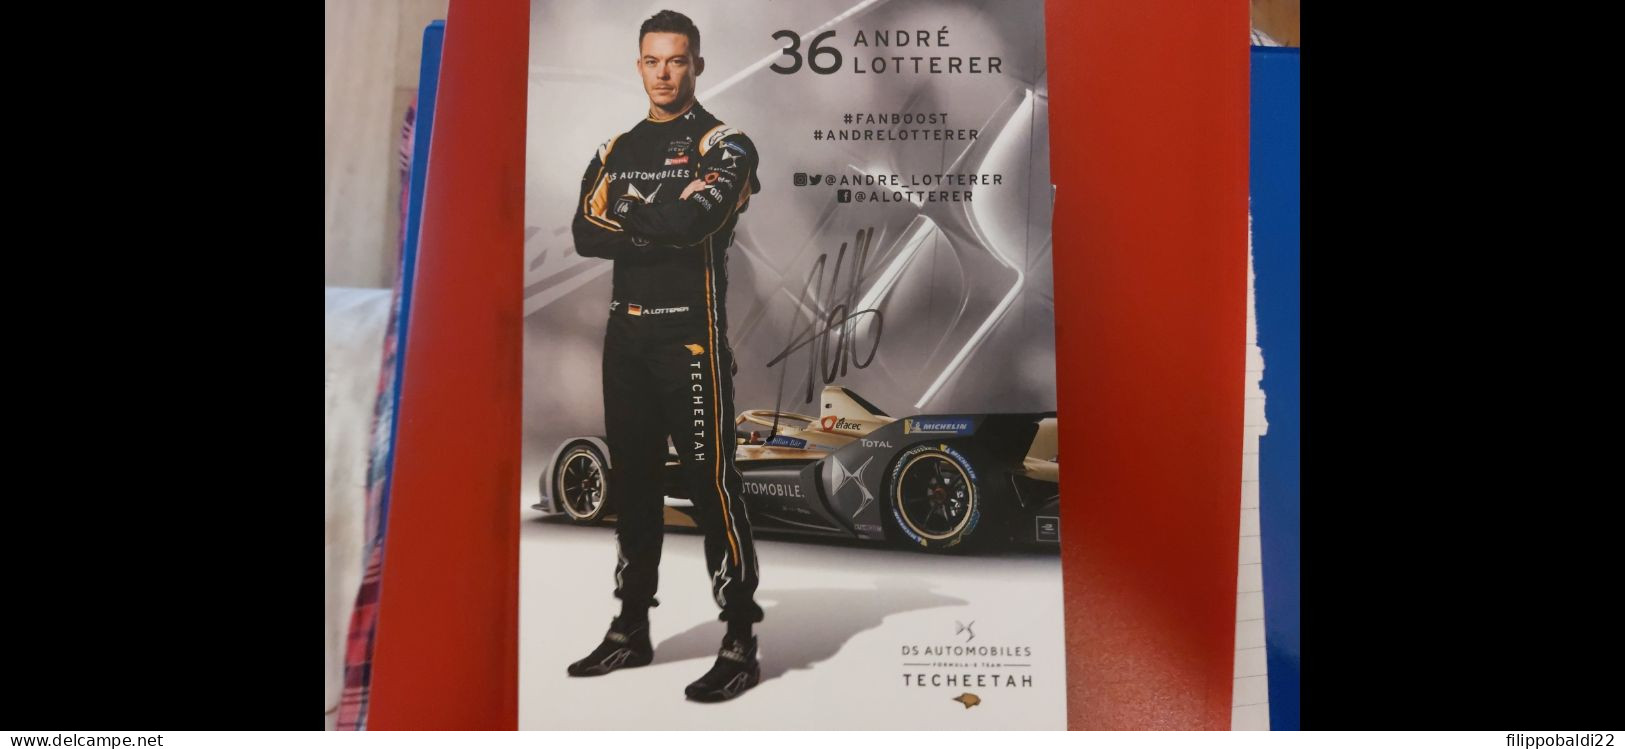 Andre Lotterer Autografo Autograph Signed - Automovilismo - F1
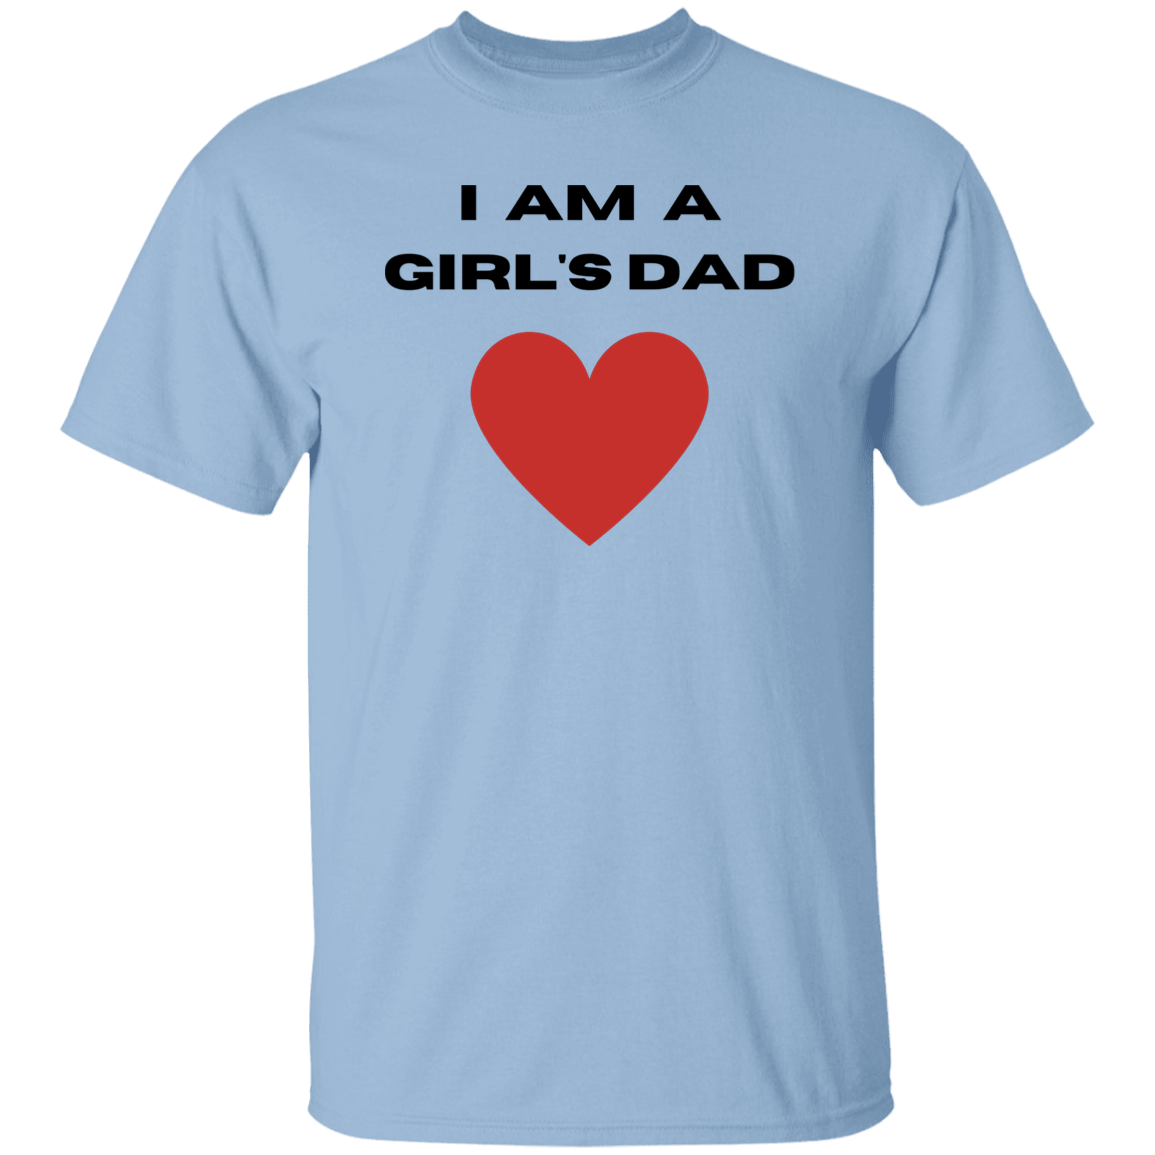 I'm A Girl's Dad T-Shirt
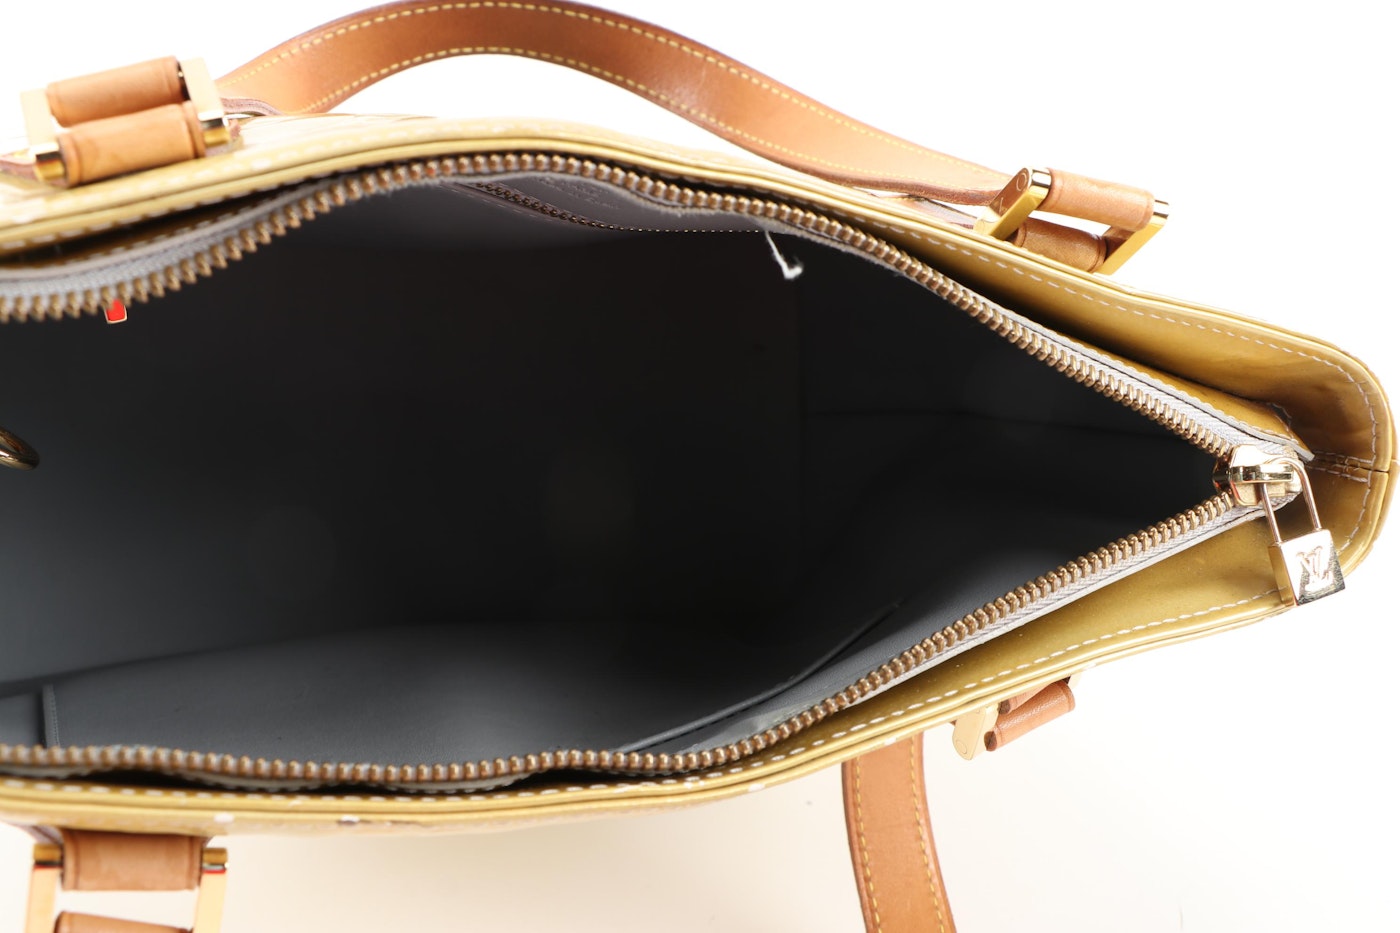 Louis Vuitton Houston Bag in Monogram Vernis and Vachetta Leather | EBTH

■ ■ ■ ■ ■ ■ ■

REQUIRED WORK: Could you give the listing above again word for word, without any pictures?

EXERCISE ANSWER:
 Andre Lotterer Autografo Autograph Signed - Automovilismo - F1
 I'm A Girl's Dad T-Shirt
 Louis Vuitton Houston Bag in Monogram Vernis and Vachetta Leather | EBTH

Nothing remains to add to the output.